BREVE HISTÓRICO DA PSICOMOTRICIDADE

O termo “psicomotricidade” surge a partir do discurso da medicina,

mais precisamente da neurologia, por ter sido necessário, no final do séc.

XIX, que se nomeassem as regiões do córtex cerebral situadas além das

zonas motoras.

Porém, a pré-história da psicomotricidade começa no surgimento do

homem que fala, uma vez que, ao apropriar-se do discurso verbal, falará

também de seu corpo.

O caminho deste corpo discursivo e simbólico (objeto da

psicomotricidade) está marcado pelas diversas concepções que o homem

vai construindo sobre seu corpo. A própria palavra “corpo” provém de

“garbhas” que, em sânscrito, significa embrião, de “karpós” que, em grego,

significa fruto, semente, envoltura, e de “corpus” que, em latim, significa

tecido de membros, envoltura da alma, embrião do espírito.

A psicomotricidade se funda no momento em que o corpo deixa de

ser apenas carne e transforma-se em um corpo falado. A história da

psicomotricidade caminha paralela à história do corpo. De que forma

responder à perguntas como: “como explicar as sensações do corpo?”, “qual

a relação entre corpo e alma?”, “corpo e alma são unidos?”.

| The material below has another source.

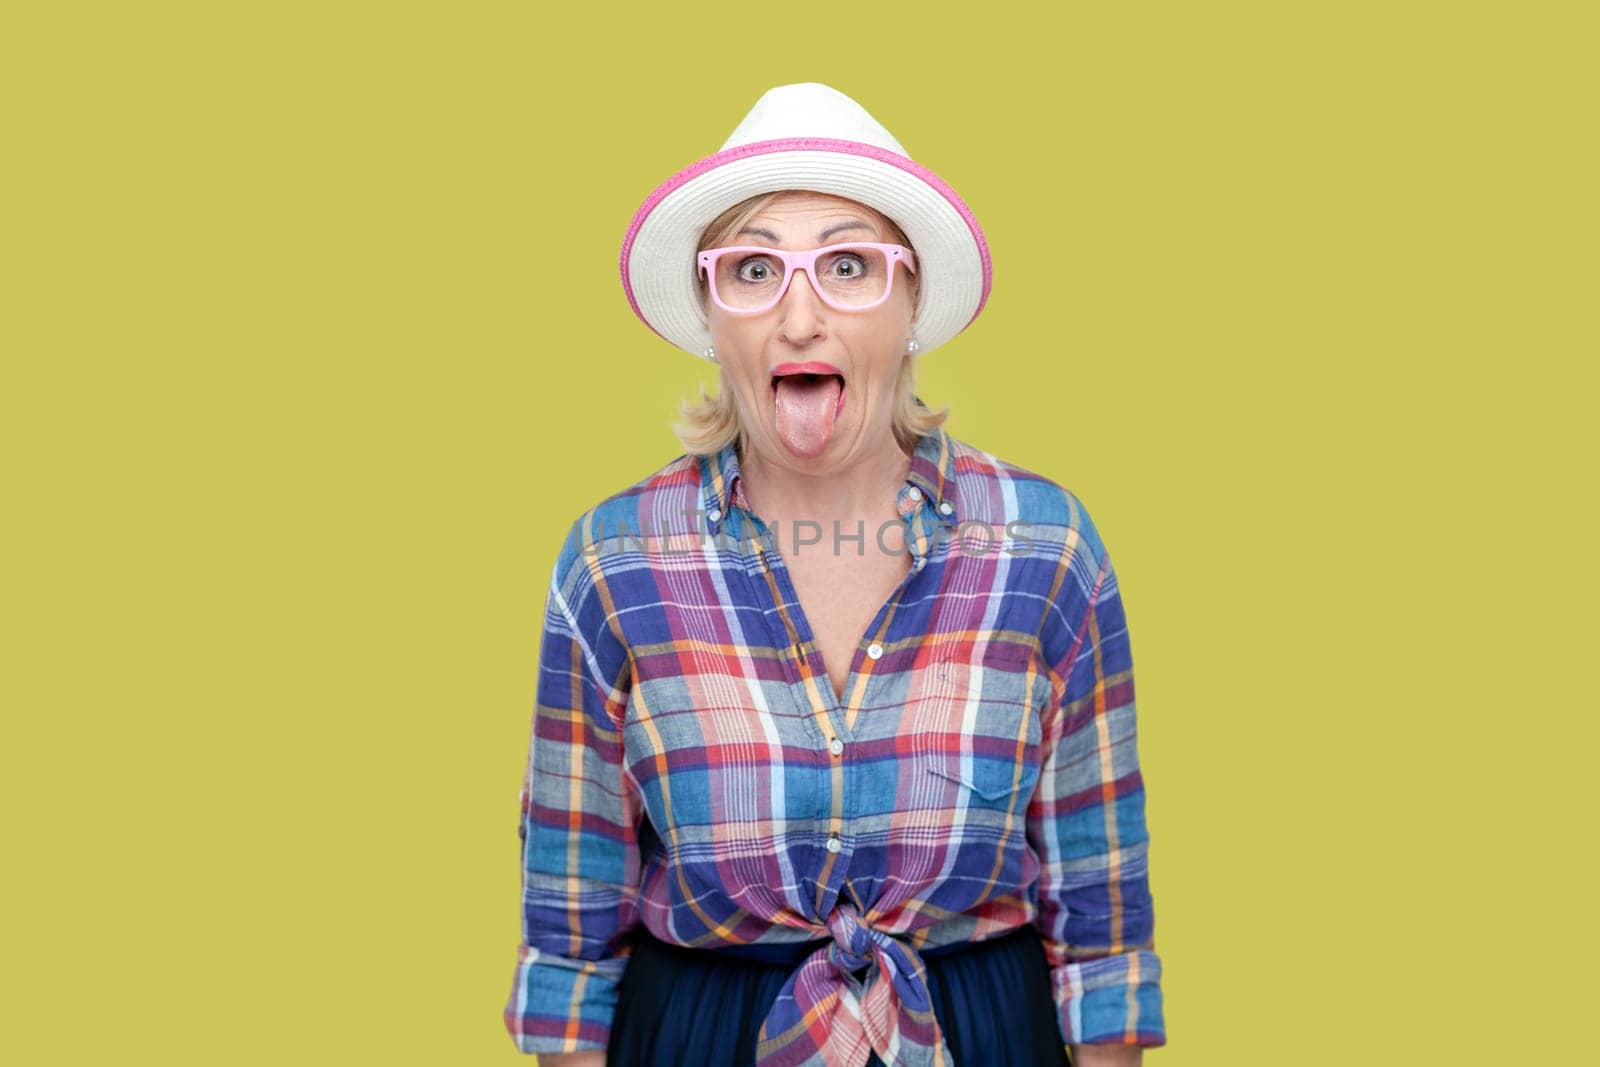 Portrait of childish mature woman wearing checkered shirt, hat and eyeglasses sticking out tongue, making funny grimace. Indoor studio shot isolated on yellow background.

Diversas respostas surgem. Desde a arte, com o teatro grego, onde o

corpo se transforma em “órgão do espírito” até a filosofia, com Platão, que

considerava o corpo como morada transitória de uma alma imortal.

René Descartes, no séc. XVII estabelece alguns princípios, entre os

quais a dicotomoia corpo-espírito. O corpo seria apenas uma coisa externa,

que não pensa, e o espírito, a parte pensante, totalmente diferenciada das

necessidades do corpo.

“É evidente que eu, minha alma, pela qual sou o que sou, é completa

e verdadeiramente diferente do meu corpo, e pode ser ou existir sem ele.”

(RENÉ DESCARTES, Mediaciones metafísicas, México, Porrúa, 1979, p.

84).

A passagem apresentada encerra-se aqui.